Without giving away your secret sauce, what are your approaches to the cleaning ...

autoencoders · on Nov 20, 2021

The audio is edited in several phases. It uses different algorithms, but most of them are deep learning based. It is surely overengineered, but as a Data Scientist, ML is the most fun part for me.

nmstoker · on Nov 20, 2021

How is the latency and, if it's sufficiently low, could this realistically be applied to "nearly live" content?

That scenario seems really appealing for conferences, even if it just quietens down the verbal ticks, but I'm guessing if the lag is too great it would get like a bad lip sync issue

pokot0 · on Nov 20, 2021

How does real time makes sense in the first place for an algorithm that gets 1 minute of audio and gives you back 50s? You are gonna have to fill the gaps anyway with something not meaningful.

nmstoker · on Nov 21, 2021

An awareness of your point was precisely why I mentioned "quietening down verbal ticks" (ie 1 minutes gives you back 1 minute but with the ticks removed/muffled)

To me this seems like it could be worthwhile even if it results in silence or less prominent umms and other filler - I've sat through enough conference talks by technically gifted people who I very much wanted to hear but who unfortunately make their talks much harder to follow due to the ticks. It might even help relax some nervous speakers if they knew any of these that creep in were being suppressed.

pokot0 · on Nov 22, 2021

I understand now. Very niche, but I applaud the effort to give voice to people who have something to say, instead of those who know how to talk in public.

staticautomatic · on Nov 20, 2021

Silence is meaningful, but pretty awkward when not deliberate!

laumars · on Nov 20, 2021

Tools like this are designed to remove awkward silences.

What it sounds like the GP is after is something more like hiss and pop removal (to use an only vinyl analogy) and that’s a different and also simpler problem to solve. I’d wager there are already tools on the market for that.

pokot0 · on Nov 20, 2021

Very insightful :). Now I need an AI to tell me when silence is deliberate or not. :)

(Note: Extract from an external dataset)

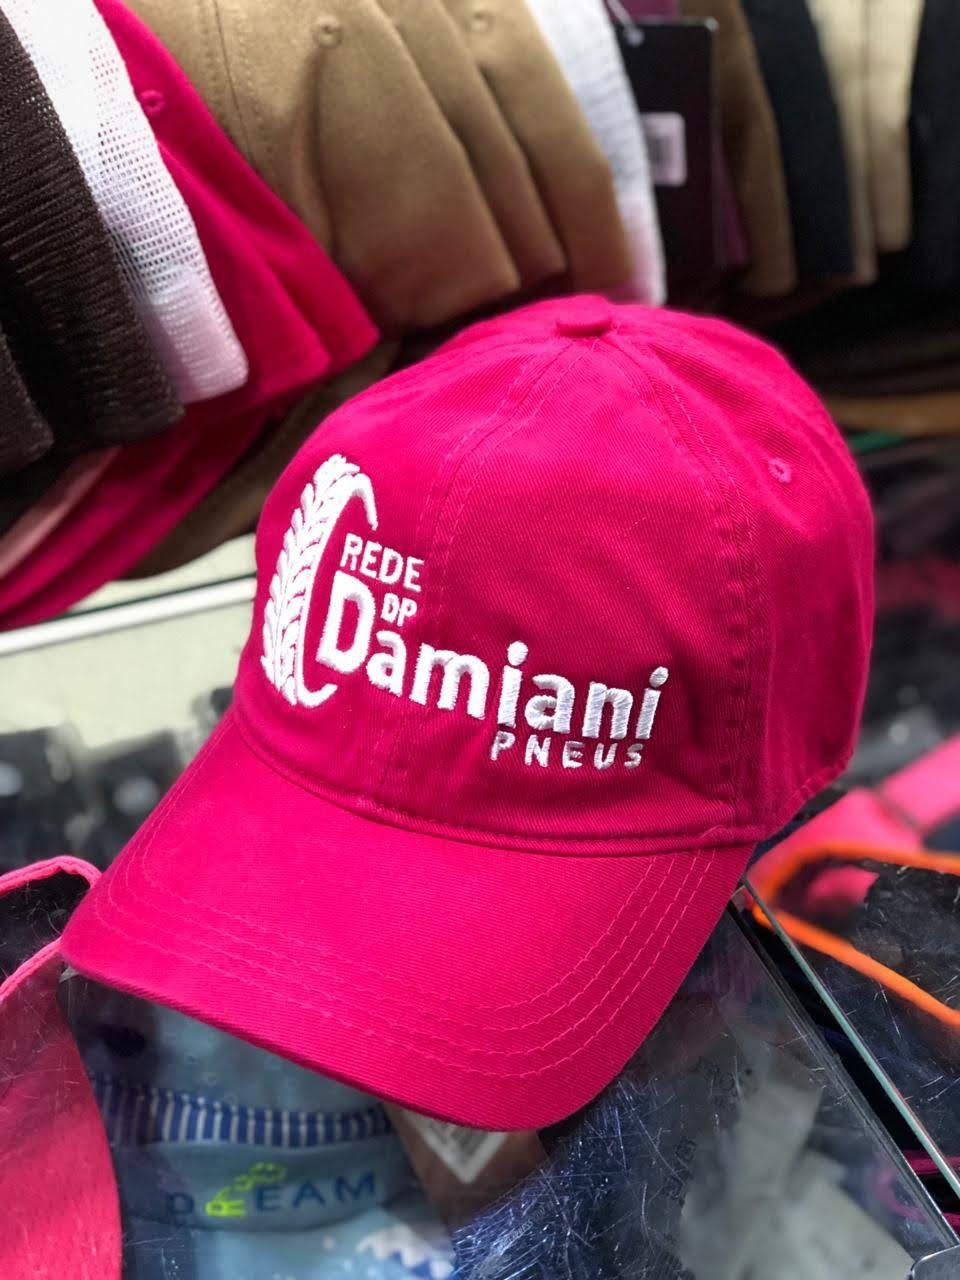 damiani_pneus_bone (17)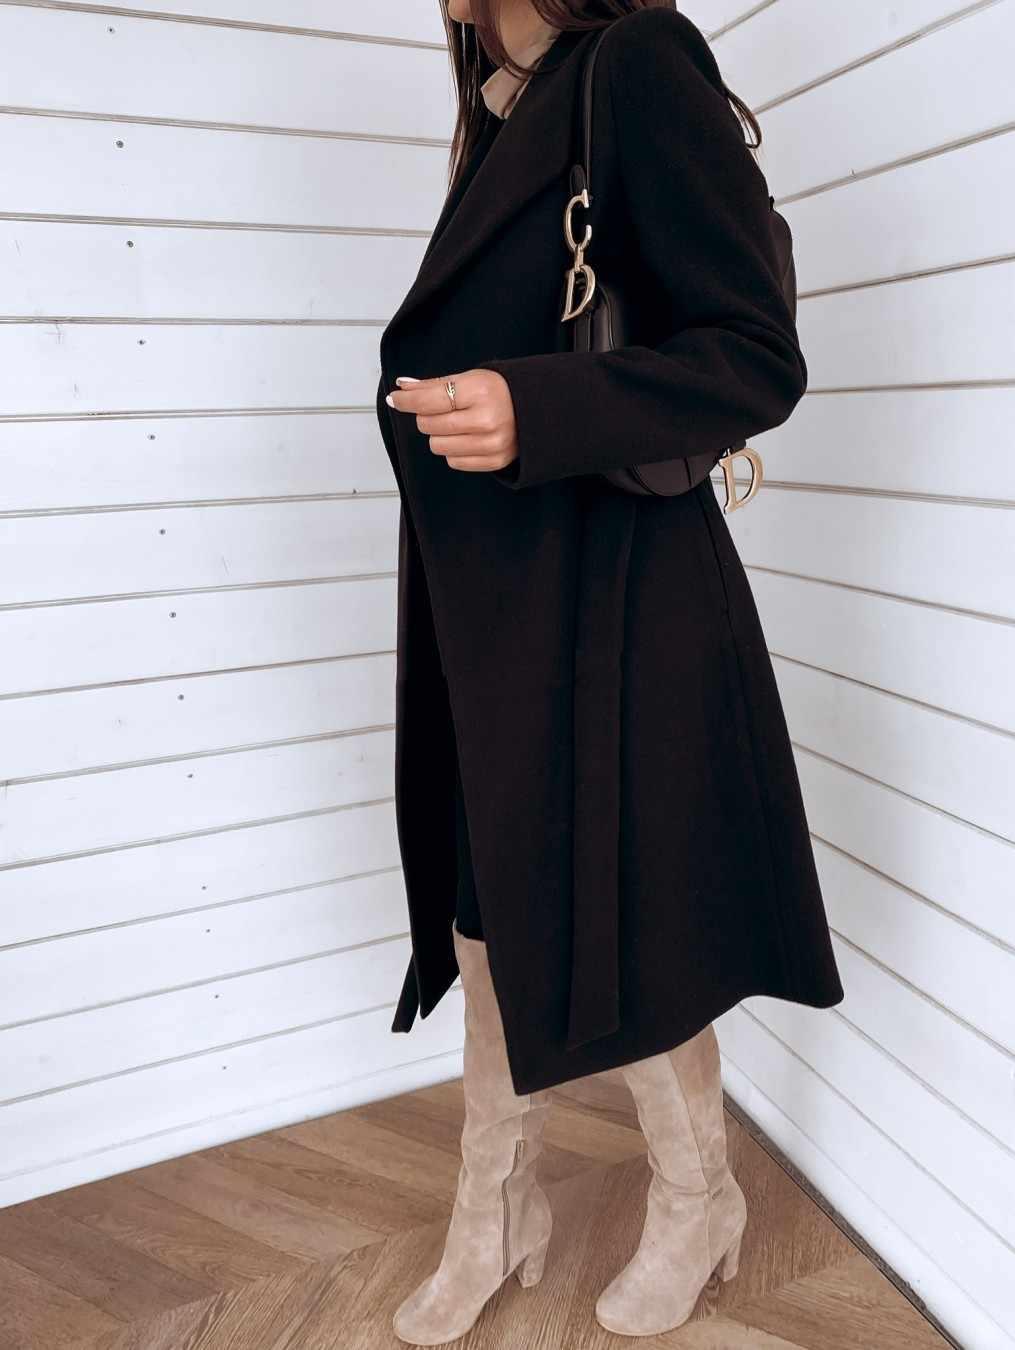 Women Long Sleeve Jacket Coat Hairy Open Elegant Front Short Korean Cardigan Suit Jacket Silm Solid Long Coat Jacket #112

autoencoders · on Nov 20, 2021

It would be a huge engineering endeavour, which I wouldn't be capable of doing. That said, things like background noise and some sounds can be removed. See Krisp.ai

Fogest · on Nov 20, 2021

Nvidia RTX voice does similar. It's pretty similar to other technology though where it focuses more on removing background noise. It actually works very well. It would definitely be interesting to see it also filter speech itself. But I feel like this would be hard to do without introducing extra latency. If someone is saying "umm" or some other filler before a word you kinda need to know what that word will be to determine if it's filler or not. So it almost can't be done without introducing latency as it would need some future speech to determine if filler or not.

pessimizer · on Nov 21, 2021

To do this, the speaker would have to wear an EEG cap. You're talking about cutting the mic before a verbal tic happens.

With an EEG cap, though, I bet a smart person familiar with the methods could bash something together in a day that would work.

autoencoders · on Nov 21, 2021

True. You don't even need a full CAP. Just some channels in the visual cortex. (With more advanced AI) So you would just need to hear a headband or one of those EEG which look more elegant.

qmmmur · on Nov 20, 2021

Izotope plugins already do some of these things but not all. In particular their de-clicking algorithm is pretty good but definitely not automatic or low latency.

qmmmur · on Nov 20, 2021

Do you do any audio segmentation to remove the filler words and such?

jwuphysics · on Nov 20, 2021

Based on the OP's username, surely one of the deep learning algorithms is a denoising autoencoder, right?